悪態と盛大なため息を心の中でつく。だが取り敢えずは、さらなる厄介事が生じる前にここを離れなければならない。目黒邸で殴り合いの喧嘩なんて、さすがに出来ない。


私は令嬢たちと館の入り口にいた門番を会場内へと押し込み、目黒邸の扉を閉めた。そして、



「私に八つ当たりしたいのならご自由にどうぞ。ま、そんなことをしても、姉はあなたのことなんて眼中にも入れないだろうけど」


「な、何だと……!」




私が中庭を通り抜けるようにして走り出すと、愚かな狐は顔を真っ赤に染め上げ、憤慨しながら追って来た。



(妖魔は私を見るとすぐに逃げ出すか怖がるけど、人間の場合は逆だな。普通の男に比べるとそんなに背が高いわけでも筋骨隆々でもないし、弱々しく見えるんだろうな。……まあ、当然なんだけど)




"あなただって、本当なら……"




姉の言葉が脳内を木霊する。



(本当なら、タキシードじゃなくドレスの方を着てたって? 全く想像出来ないけど)




"弟" だからこそ動きやすい。


だって、どこぞのご令嬢が夜な夜な家を抜け出していたら、それこそ売女だの痴女だの噂が立つというものだろう。


私が "男" だからこそ、義父の友人たちにも俺も若い頃は君のようにモテたうんたらや、夜の酒を覚えてこそ男たる者かんたらなんかで笑い飛ばされて済むのだ。



それに、この見目だって悪いことばかりではない。
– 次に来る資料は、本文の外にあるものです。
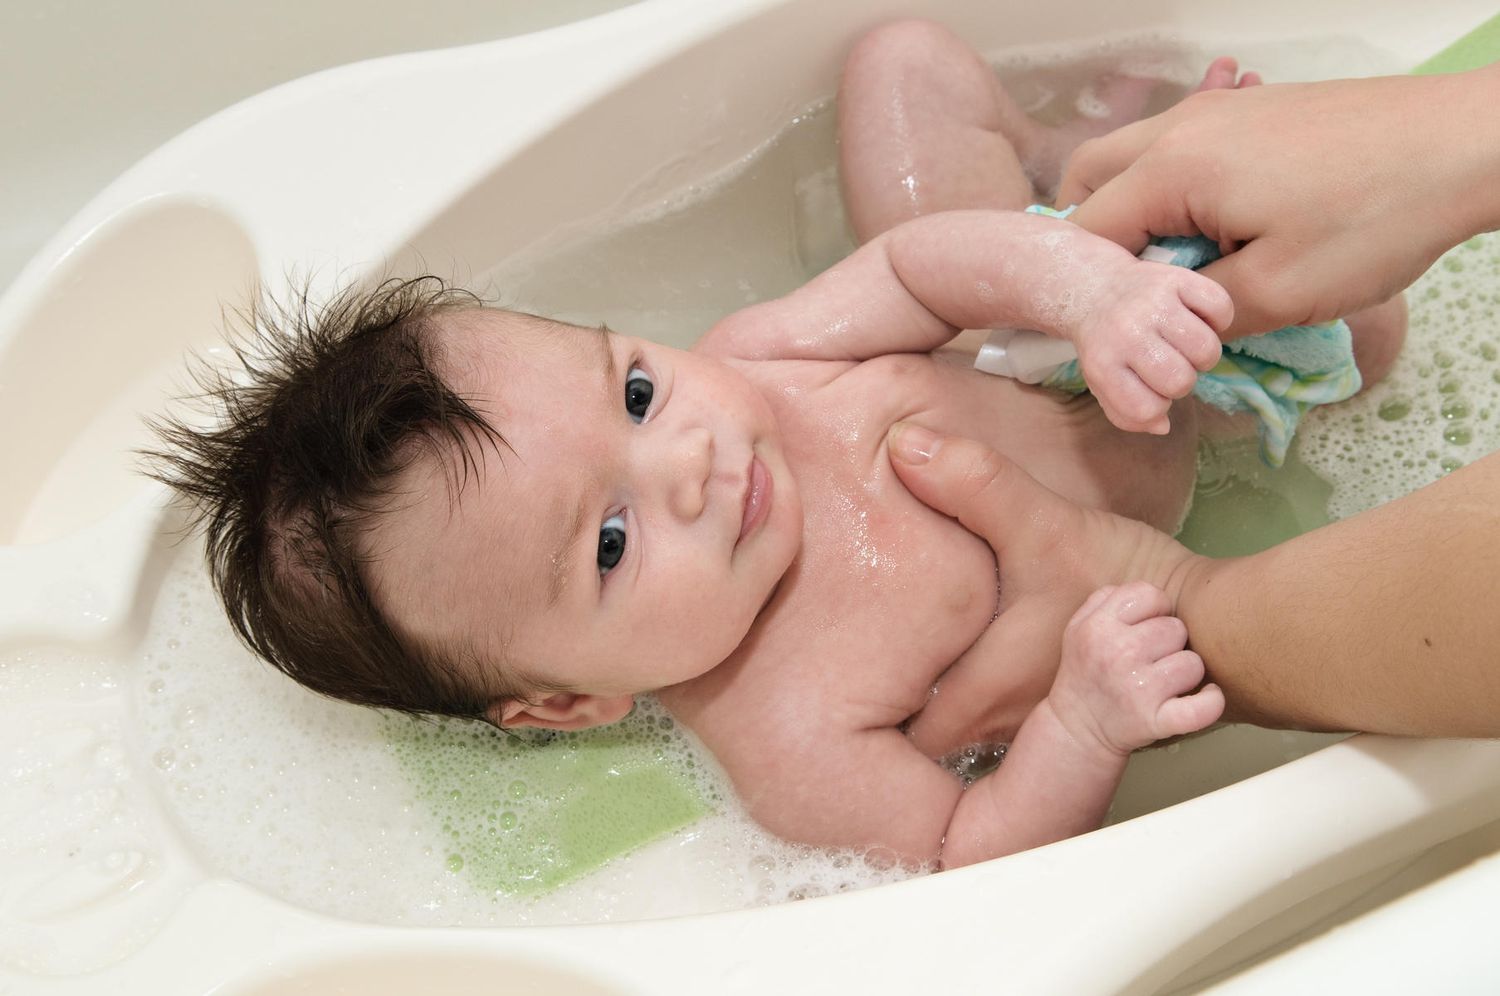 New baby getting first bath in baby bathtub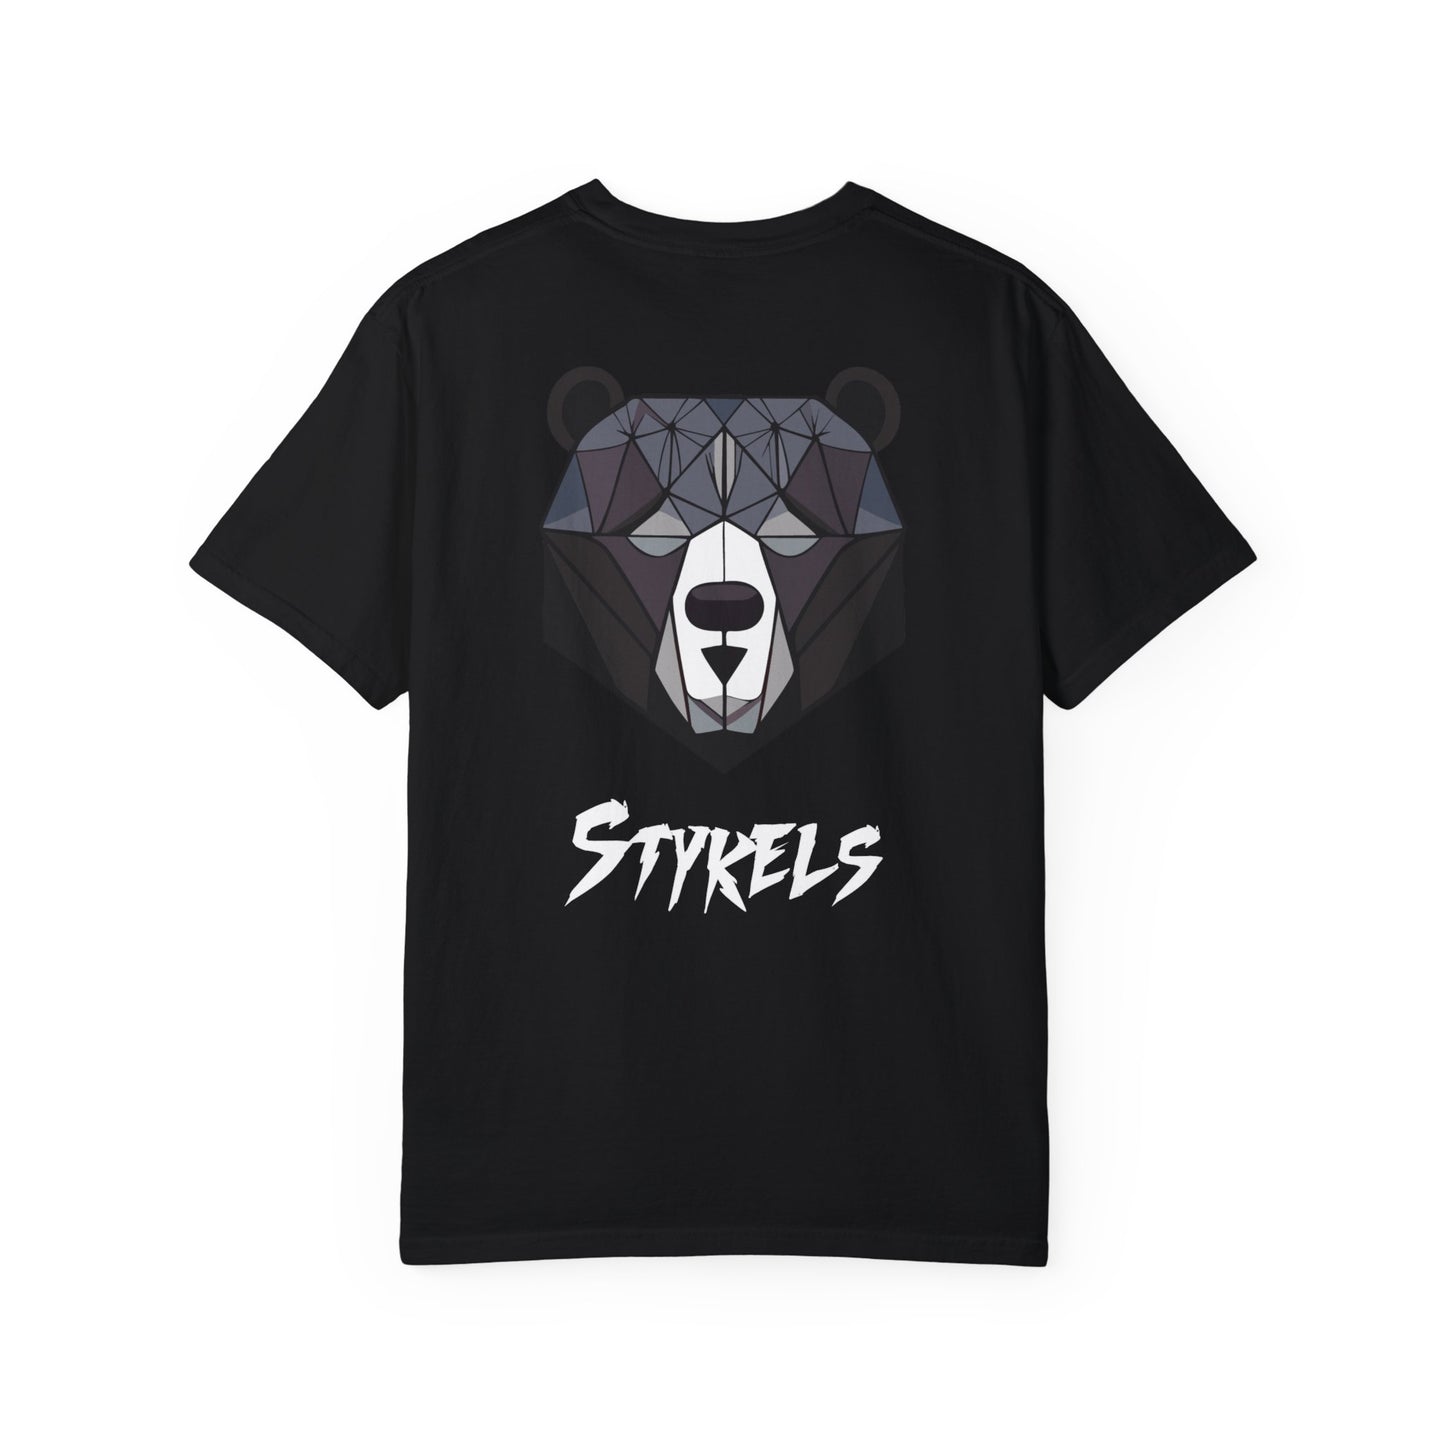 Unisex T-shirt bear design

中性的な男を好む女性にはモテるし、何より病弱設定が使える。



(この仕事を請け負うようになってからは休学しがちだしね。妖鬼の事前調べが加わると、三日連チャンで休むことだってあるし。


でも、成績が下がると姉さんは心配するだろうし兄さんも怒ると思うから、合間合間に勉強はしてる。ちゃんと)




おかげで学年首位を二年近く保っている。とまあ、これはまた別の話である。



目黒邸の中庭門を飛び出した後、私はいくつかの人道を抜け、人気ひとけのない雑木林の中へと入って行った。


後ろをチラリと振り返ると、柴狐がまだ後を付いて来ていた。ここからだと彼が米粒ほどの大きさに見えるので、かなりの距離が空いていそうだが。



(なかなか頑張るじゃないか。それくらいには姉さんに本気ってことね)





私は雑木林の中奥で足を止めた。そしてその辺に落ちていた小枝なんかで地面をつついたり絵を描いたりして時間を潰す。


そうこうしてしばらくの間待っていると、やがて、ぜいぜいと息を切らし顔中から滝のような汗を流した柴狐がやって来た。



「お、おま、お前は、や、病に、伏せがち、なんじゃ、なか、なかった、のか……!」




彼はかなりの体力を消耗したようで、話すのもやっとという感じだ。そのため、顔色一つ変えていないであろう私へは、まるで化け物を見るかのような視線を向けてくる。



「ええ、身体が弱いのは本当です、ゴホゴホ」


「嘘つけ!」


「私は病弱、あなたは体力を失っているので、殴り合いではなく話し合いにしましょうか。


姉を慕って下さるのはありがたいですが、その弟に暴力を振るうのはいかがかと思いますよ」


「う、うるさいっ! ……俺が、俺が何も知らないと思うなよ……!」


「はあ」


「花梨崎 千理! お前、本当は理衣子さんの実の弟じゃないんだってな?」



「……はあ?」


「父上に聞いたのさ。お前が本当は、先代の "妾筋の子供" だってことをな。さらに言えば、現当主とは養子縁組すらもしていないんだって?」




私は顔色一つ変えていないつもりだったのだが、柴狐は私を見て勝ち誇ったような表情を向けてくる。



「図星みたいだな。つまりお前は花梨崎の人間でなく、あの家に仕える家僕に過ぎないってことだな!」





小枝は手中の中で、いつの間にかバラバラになっていた。